The concept is: Why to waste time on looping when I can unwind the code. Will it make that of a difference? Let’s see:

```
public IList<int> GetNonZeroIndexes()
{
List<int> ret= new List<int>();
for (var i = 0; i < _array.Length; i++)
{
if (_array[i] != 0L)// this one check saves me 64 ones
{
if (IsBitSet(_array[i], 0)) ret.Add(i * 64 + 0);
if (IsBitSet(_array[i], 1)) ret.Add(i * 64 + 1);
if (IsBitSet(_array[i], 2)) ret.Add(i * 64 + 2);
if (IsBitSet(_array[i], 3)) ret.Add(i * 64 + 3);
.
.
//You get the idea
.
.
if (IsBitSet(_array[i], 61)) ret.Add(i * 64 + 61);
if (IsBitSet(_array[i], 62)) ret.Add(i * 64 + 62);
if (IsBitSet(_array[i], 63)) ret.Add(i * 64 + 63);
}
}
return ret;
}
```

This brings down the sample time to **395 seconds** and the total time:

```
(395 / 2199) * 182184 ~ 9 hours (starting from 34 hours)
```

For the first time in this post it is faster than the best time from the previous post (484 seconds).

But it still can go faster.

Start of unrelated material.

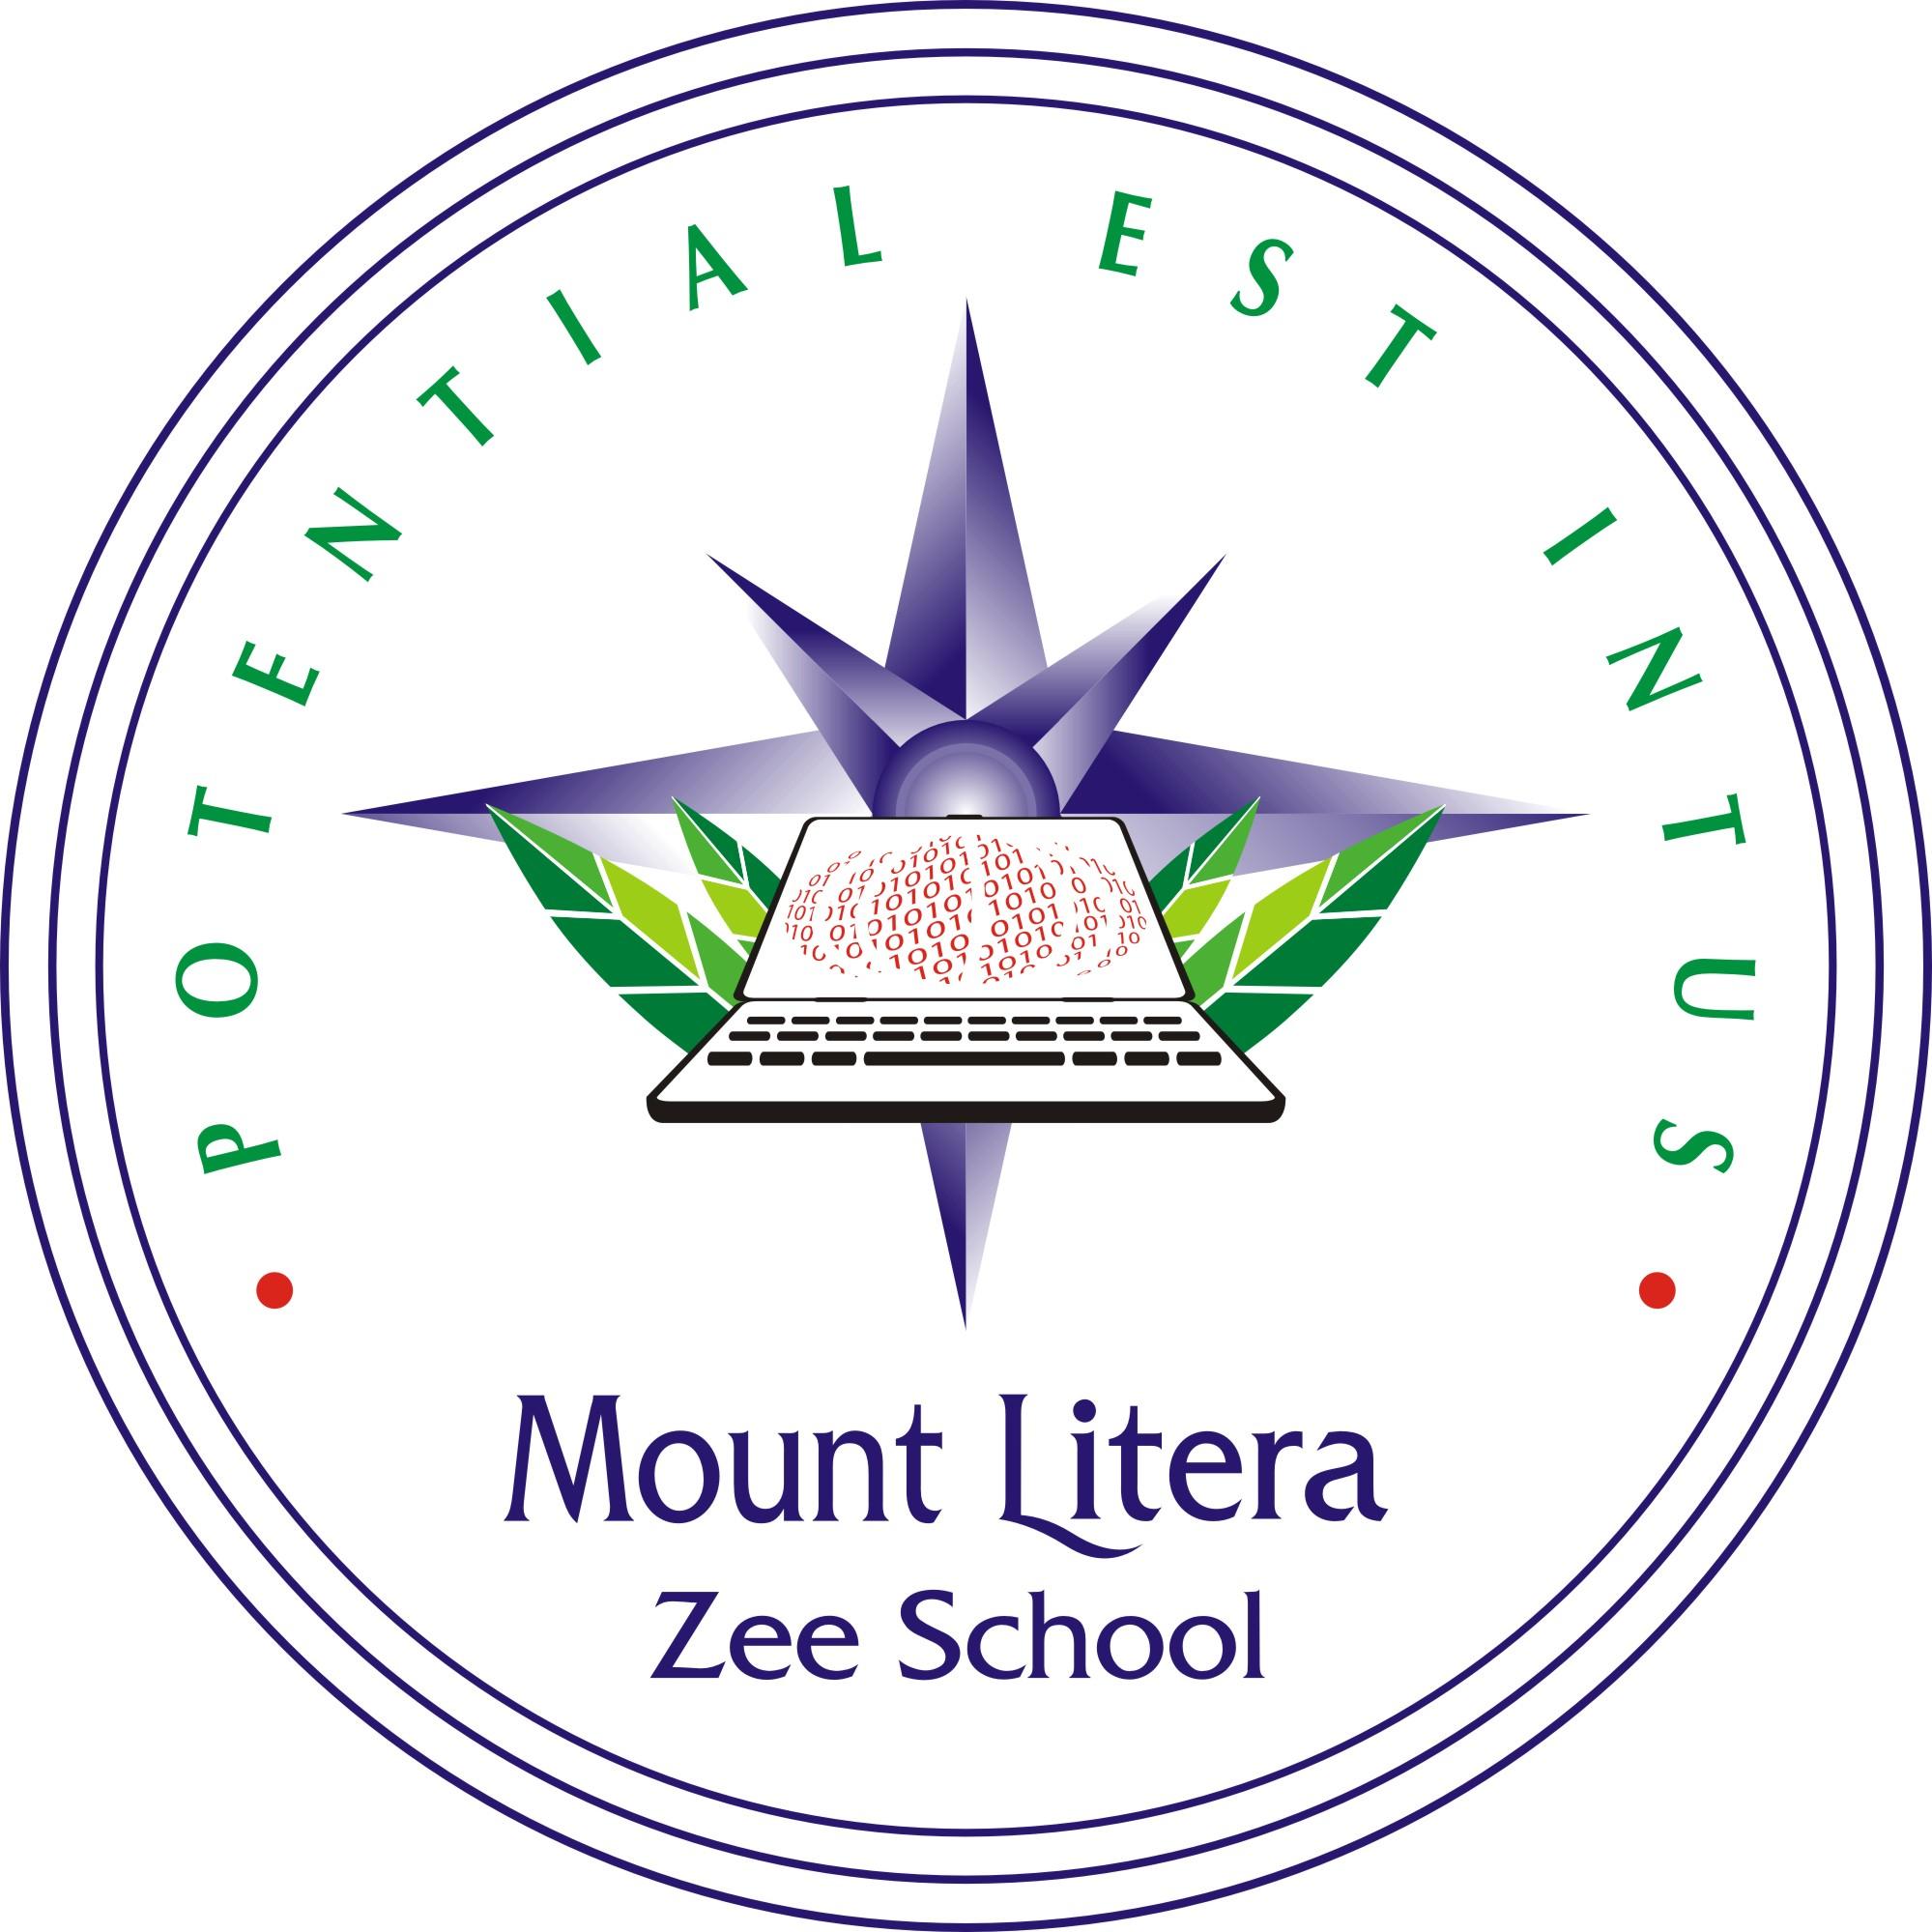 Mount Litera Zee School - Bishnupur - Kolkata Image

A reminder here is how `Similarity`

looks like:

```
public float Similarity(IngredientWeightsVector otherVector)
{
var andMask = _ingredientMask.And(otherVector._ingredientMask);
float num = 0;
var nonZeros = andMask.GetNonZeroIndexes();
for (var i = 0; i < nonZeros.Count; i++)
{
num += otherVector.IngredientWeights[nonZeros[i]] *IngredientWeights[nonZeros[i]];
}
var denom = Length()*otherVector.Length();
return num/denom;
}
```

What else can be optimized?

### Exit early

If the `andMask`

doesn’t contain any ones I am still doing some calculations, allocations and so on. Granted, not much but still. A simple check in the `BitVectorMask`

:

```
public bool IsZero()
{
for (var i = 0; i < _array.Length; i++)
{
if (_array[i] != 0L)
return false;
}
return true;
}
```

and a `if`

in the `Similarity`

function:

```
public float Similarity(IngredientWeightsVector otherVector)
{
var andMask = _ingredientMask.And(otherVector._ingredientMask);
if (andMask.IsZero())//this was added
return 0;
float num = 0;
var nonZeros = andMask.GetNonZeroIndexes();
for (var i = 0; i < nonZeros.Count; i++)
{
num += otherVector.IngredientWeights[nonZeros[i]] *IngredientWeights[nonZeros[i]];
}
var denom = Length()*otherVector.Length();
return num/denom;
}
```

With those modifications the sample run finished in **334 seconds**. This gives:

```
(334 / 2199) * 182184 ~ 7,6 hours (starting from 34 hours)
```

Can it still be improved significantly or am I looking at marginal gains here? This problem can still astound you, but this will be unveiled next week.

### Update

This post sprung a very interesting conversation on Reddit with 104 comments as of writing this update.